Rather what Newman found in Roman Catholicism was what he believed to be the truth tout court, the certain passage through the ever-accelerating terrain of a modernity that disintegrates the very instant it slides into view. Catholicism presented itself to Newman as a deep and broad muddy river whose currents were complex, treacherous at times, and, ultimately, life-sustaining. As he described it in the conclusion of his Apologia, Catholicism was a “moral factory, for melting, refining, and molding by an incessant noisy process, of the raw material of human nature, so excellent, so dangerous, so capable of divine purpose.” Only Newman could find in the grim industrial landscape of Birmingham a metaphor for the Body of Christ!
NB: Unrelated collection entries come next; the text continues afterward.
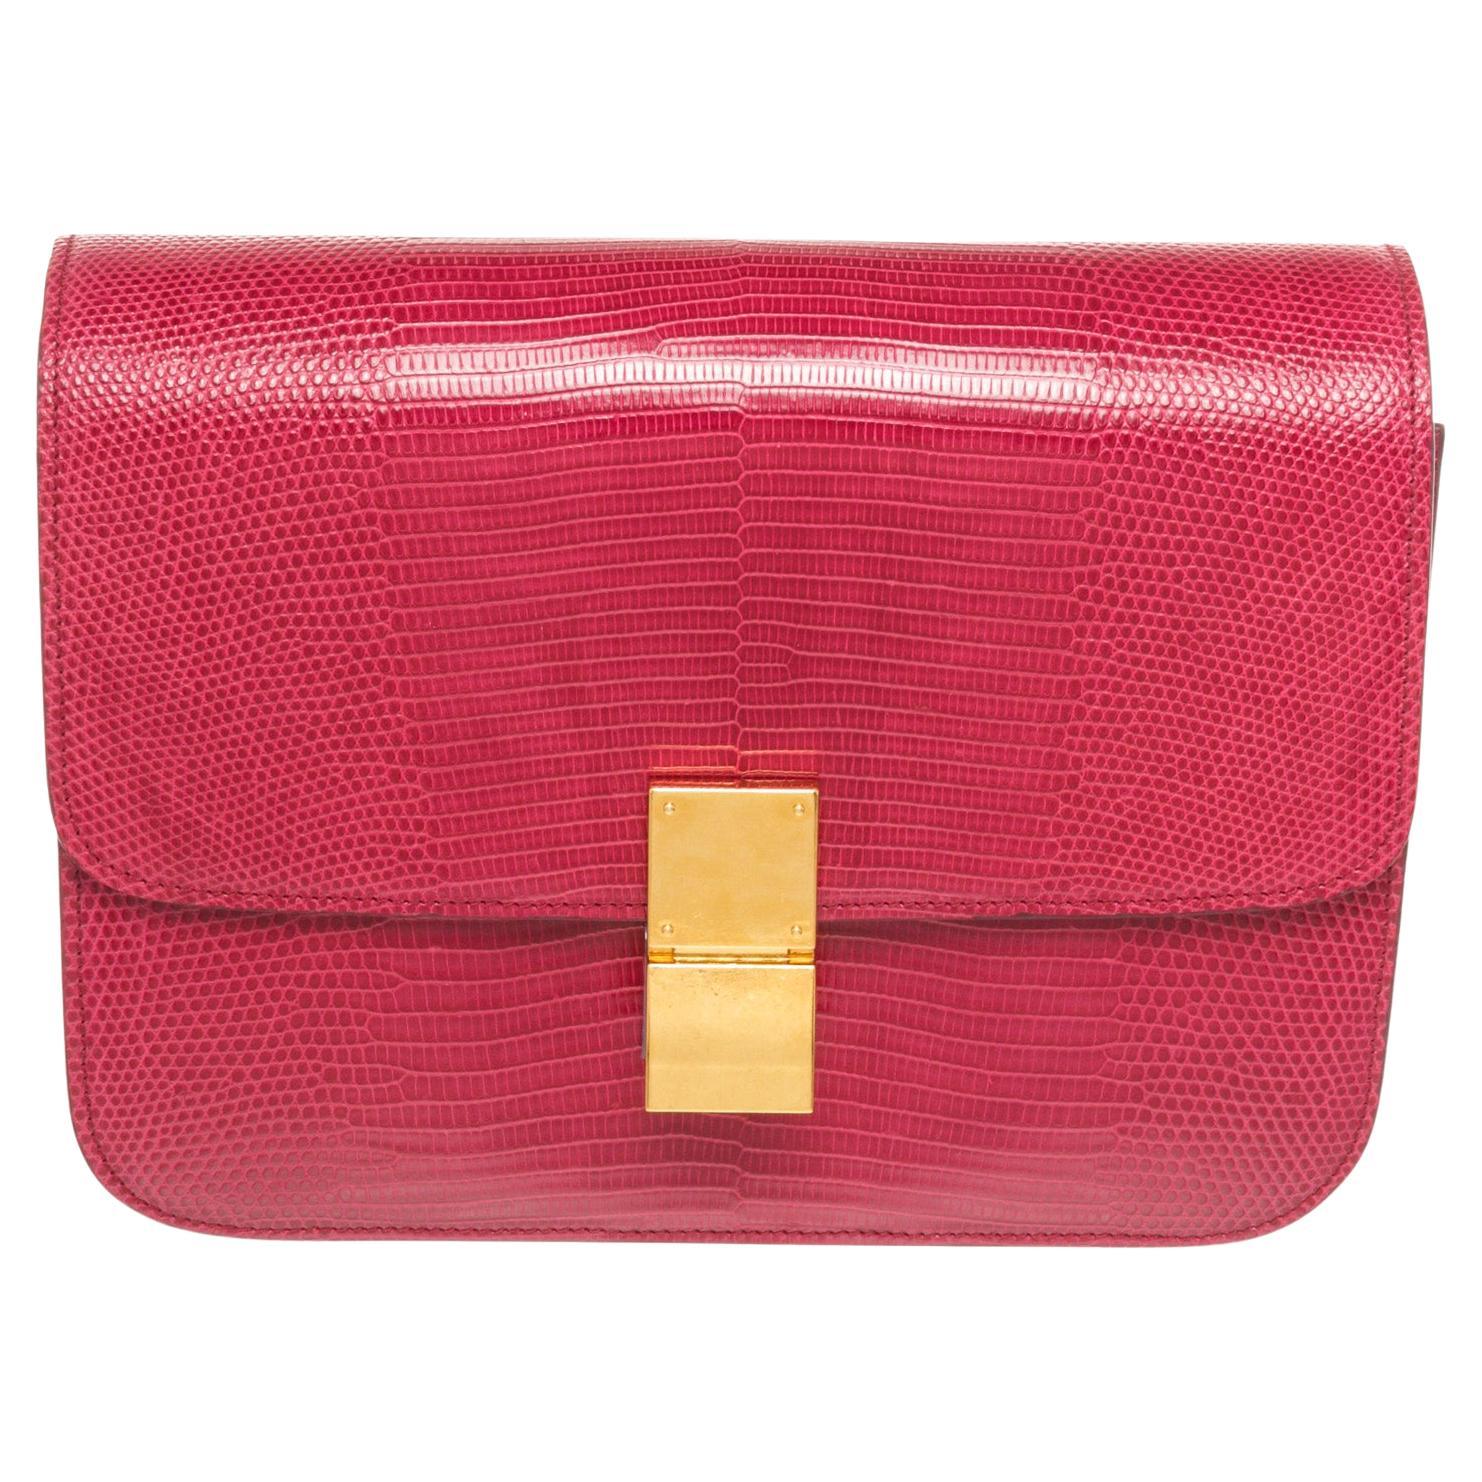 Celine Red Lizard Skin Leather Medium Box Shoulder Bag
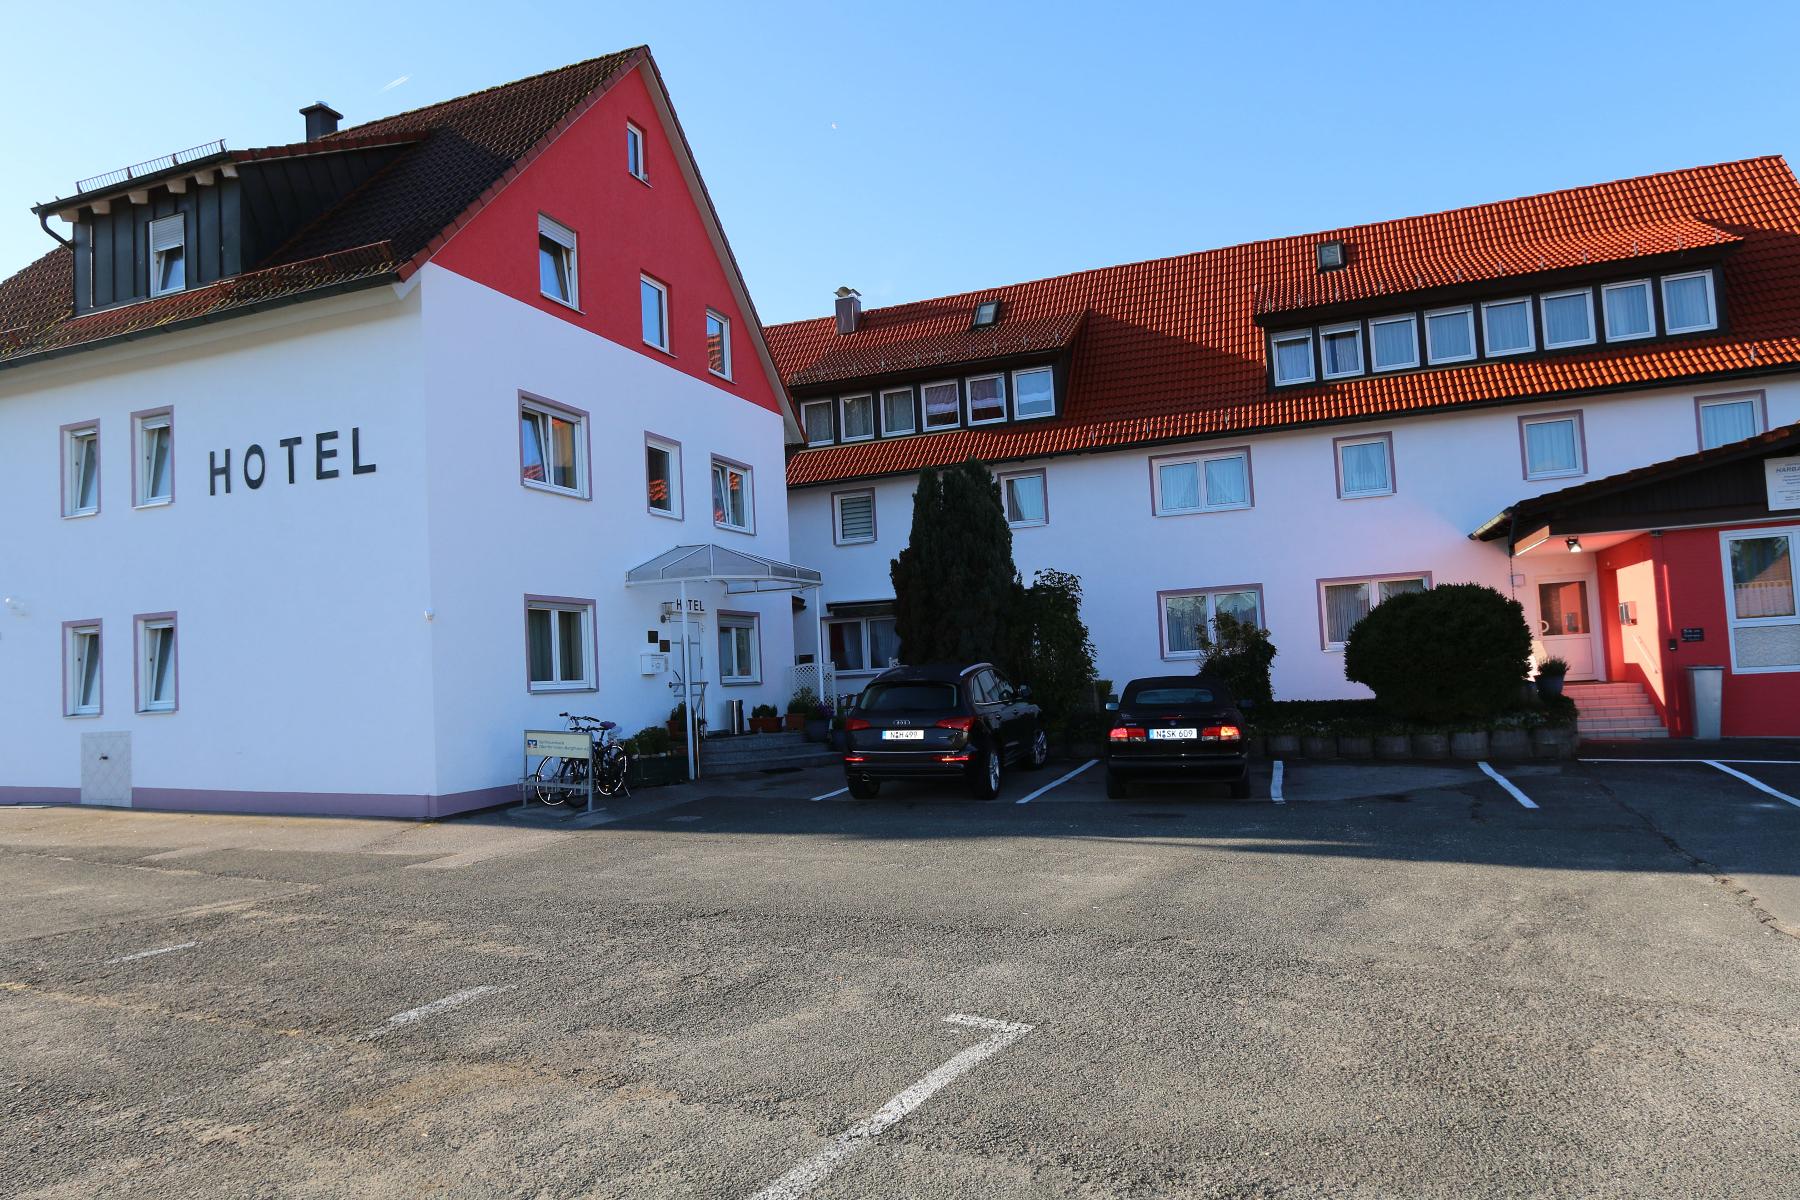 Dieses ruhig gelegene 3-Sterne-Hotel befindet sich nur 3km von der Gemeinde Schwarzenbruck und eine 20-minütige Fahrt von Nürnberg entfernt. Das Hotel Harbauer verfügt über großzügige Zimmer, die mit Liebe zum Detail stilvoll modern eingerichtet sind.Ein reichhaltiges Frühstücksbuffet ...
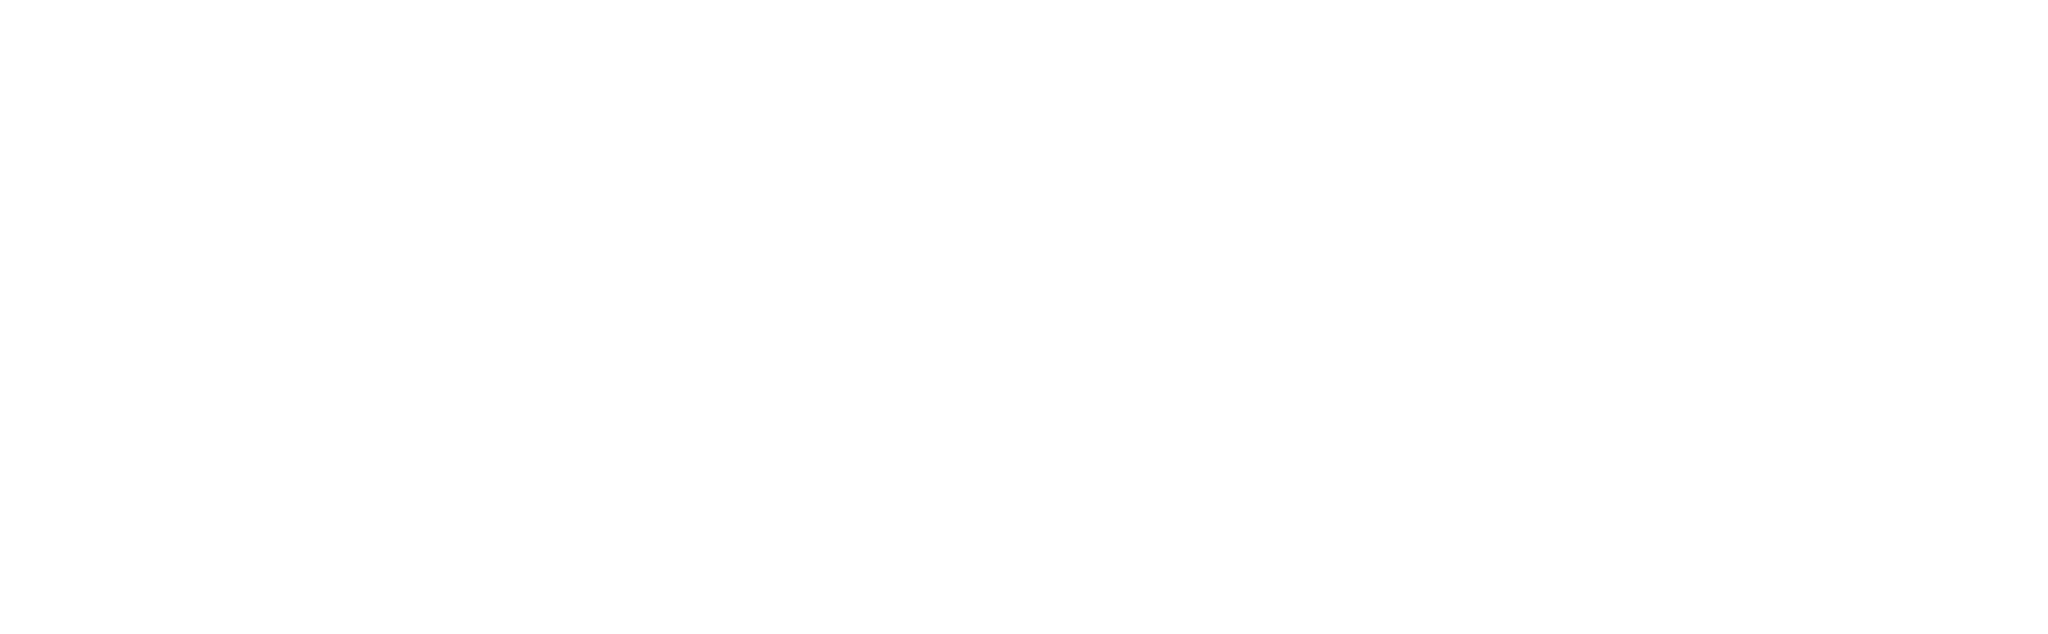 logo_hersleth_entreprenor-kloss_ved_siden

In deciding to become a Roman Catholic, Newman knew that more was at stake than simply a move from the spires of Oxford to the factory-stacks of Birmingham. And more was at issue than those arcane ecclesiastical differences that innumerable church bureaucrats who staff endless ecumenical sub-committees nowadays enjoy talking about.
Rather Newman realized that if anyone “will not put an establishment or philosophy in the place of the Church, if he will not do homage to talent as such, or wealth as such, or official eminence as such, then he is out of joint with the age, and not only his words, but his look and his air are like a pail of cold water thrown over every man of the world he meets.” In deciding to become a Catholic, Newman was intentionally choosing to be out of joint.
The liberalism that Newman opposed has been regnant now for a good four decades. And the results are what Newman anticipated. Western Christianity has become a congeries of a happy-clappy moralism, nostalgia for the quaint, faux spiritualities, and fumbling forays into political action. Even much of American Catholicism is tempted to image our non-dogmatic Protestant churches. Balkanized into innumerable ideological sects, and preaching only to their respective choirs, Christian churches have long since ceased to articulate any integral cultural vision.
Not that this liberalism hasn’t been showing signs of hemorrhaging for some time. (Whether or not the recent market collapse is a harbinger of the liberal mind’s inevitable descent into imbecility remains to be seen.) And if anyone has had intimations of the demise of Western liberalism, it has been Benedict XVI. Surely, if and when the pope does beatify Newman, it will not be so much because the recognition is long overdue, but because the Englishman’s moment has finally come. For if Newman spent his life warning us of modernity’s toxicity, now that the patient has entered a terminal state, we just might be ready to hear the cardinal again for the first time.
Two empty graves. This is as it should be. For if Dr. Newman had remained in the humble earth that was his first abode, we would have continued to memorialize him as one more eminent Victorian who wrote great prose and fussed over irrelevant religious questions. And if John Henry Cardinal Newman had come to rest in the marmoreal splendor of the Birmingham Oratory, we would have been seduced by the unavoidable triumphalism of the church militant. As it is, standing in the presence of a body that has evanesced completely, we are confronted by the gritty fact that however much we like to pretend we’re at home in modernity, each of us belongs elsewhere. That now, even after we’ve elected yet another hope to believe in, here we have no abiding city.
The Rev. David Lewis Stokes Jr., a Catholic priest and a former Episcopal priest, is an associate professor of theology at Providence College.